* [Work request]:
Leave the pictures out. Retype exactly the lines below from the one containing "Illustration of a tile texture" through the one containing "Collapsible Laundry Basket/", and no others.

* [Extracted entries]:
◆ ◆ ◆ ◆

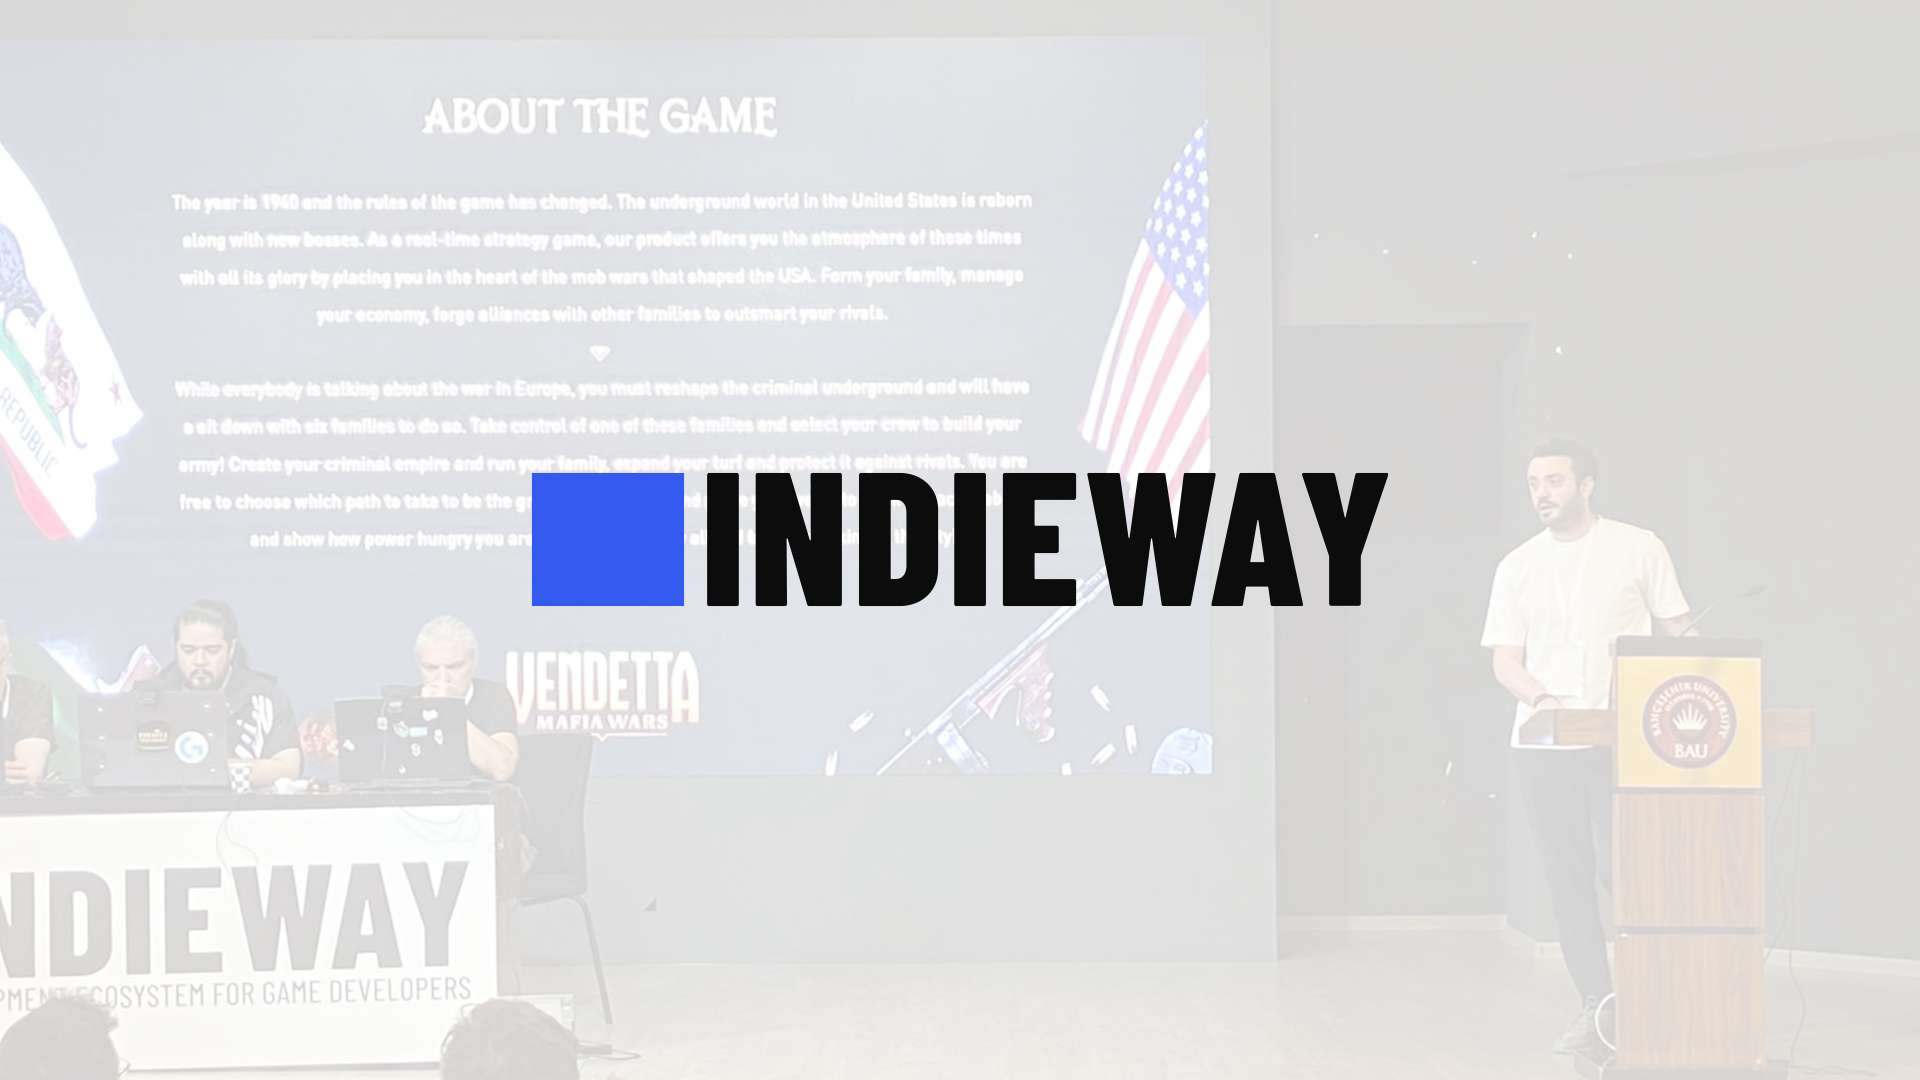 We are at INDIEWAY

◆ ◆ ◆ ◆

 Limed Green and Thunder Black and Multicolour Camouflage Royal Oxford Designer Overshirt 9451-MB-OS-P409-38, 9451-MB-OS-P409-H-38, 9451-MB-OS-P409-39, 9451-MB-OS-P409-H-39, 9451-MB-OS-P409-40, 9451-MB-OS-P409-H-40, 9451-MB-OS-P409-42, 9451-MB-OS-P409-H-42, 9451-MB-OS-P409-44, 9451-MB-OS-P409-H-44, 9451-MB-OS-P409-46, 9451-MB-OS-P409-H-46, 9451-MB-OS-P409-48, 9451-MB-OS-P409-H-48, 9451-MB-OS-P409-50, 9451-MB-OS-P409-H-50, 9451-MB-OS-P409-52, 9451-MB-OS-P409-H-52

◆ ◆ ◆ ◆

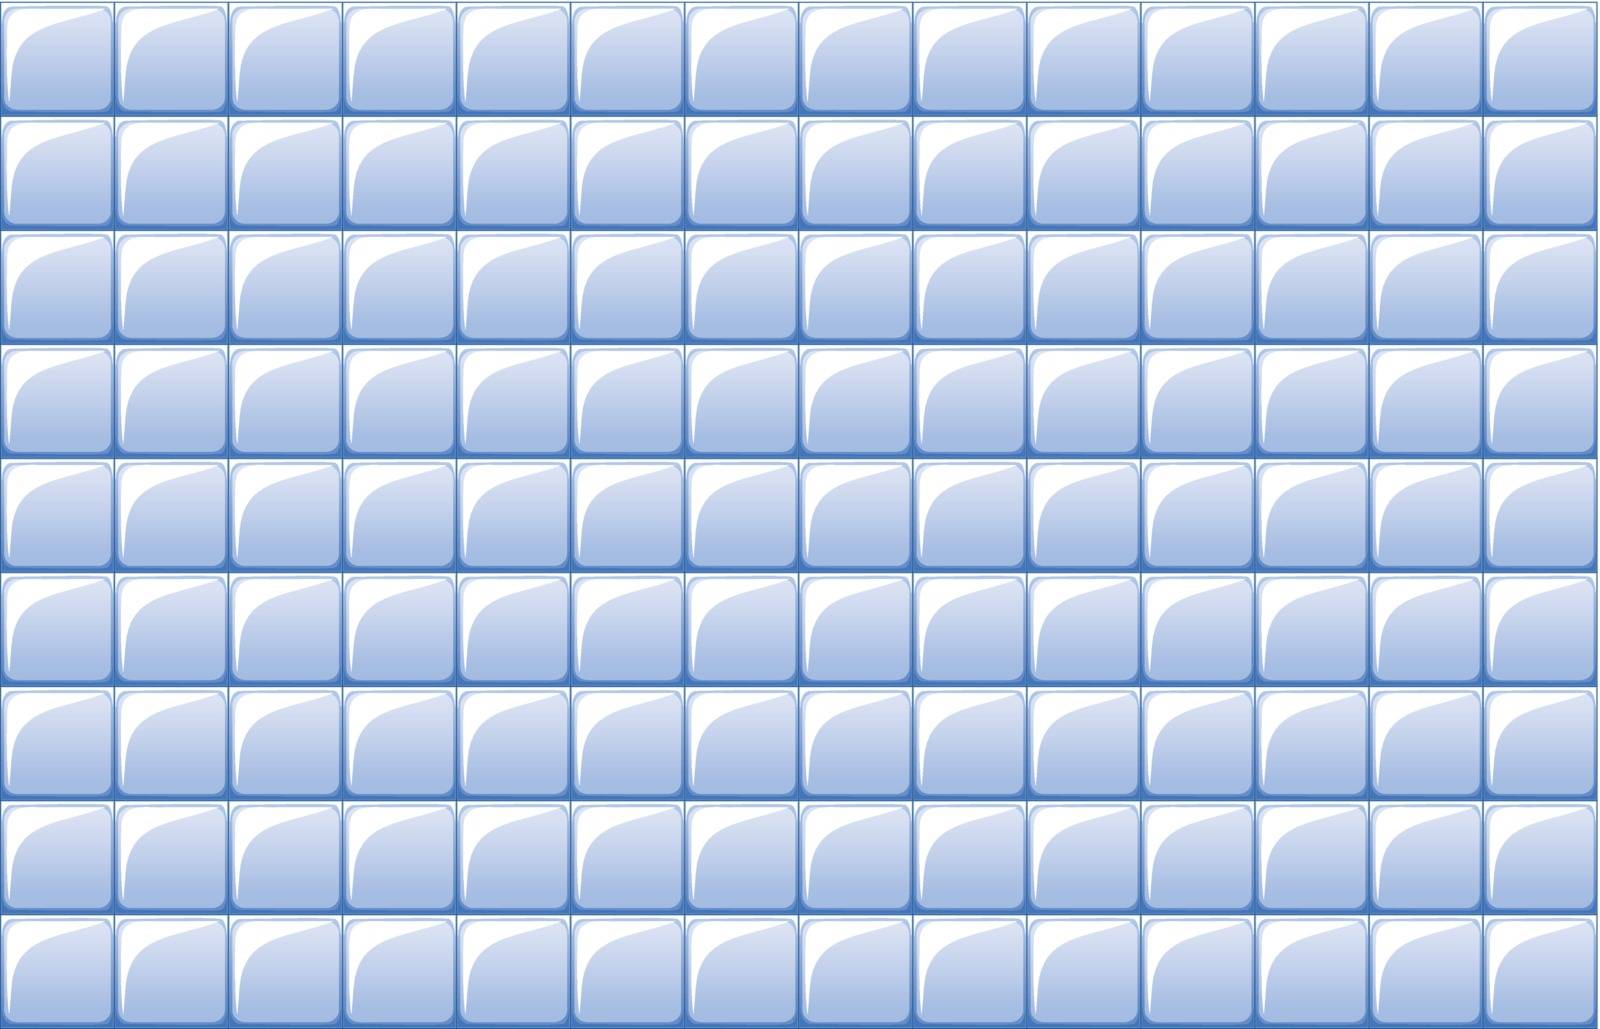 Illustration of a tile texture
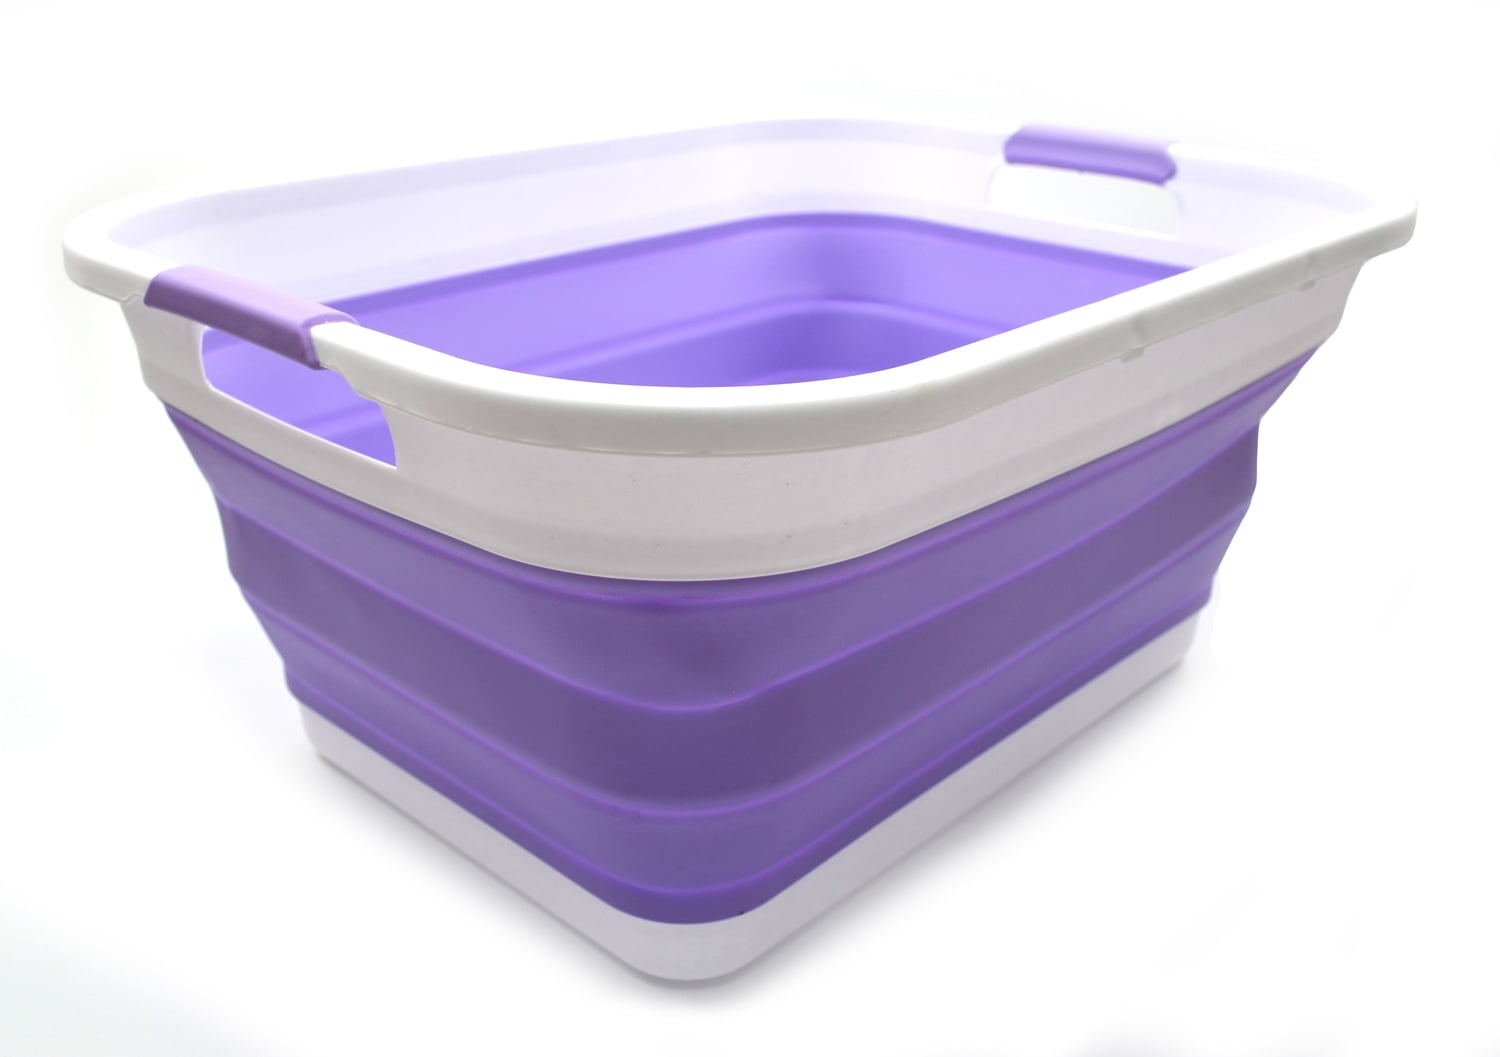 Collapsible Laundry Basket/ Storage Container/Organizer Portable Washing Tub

◆ ◆ ◆ ◆

* [Exercise solution]:
 Illustration of a tile texture
 Collapsible Laundry Basket/ Storage Container/Organizer Portable Washing Tub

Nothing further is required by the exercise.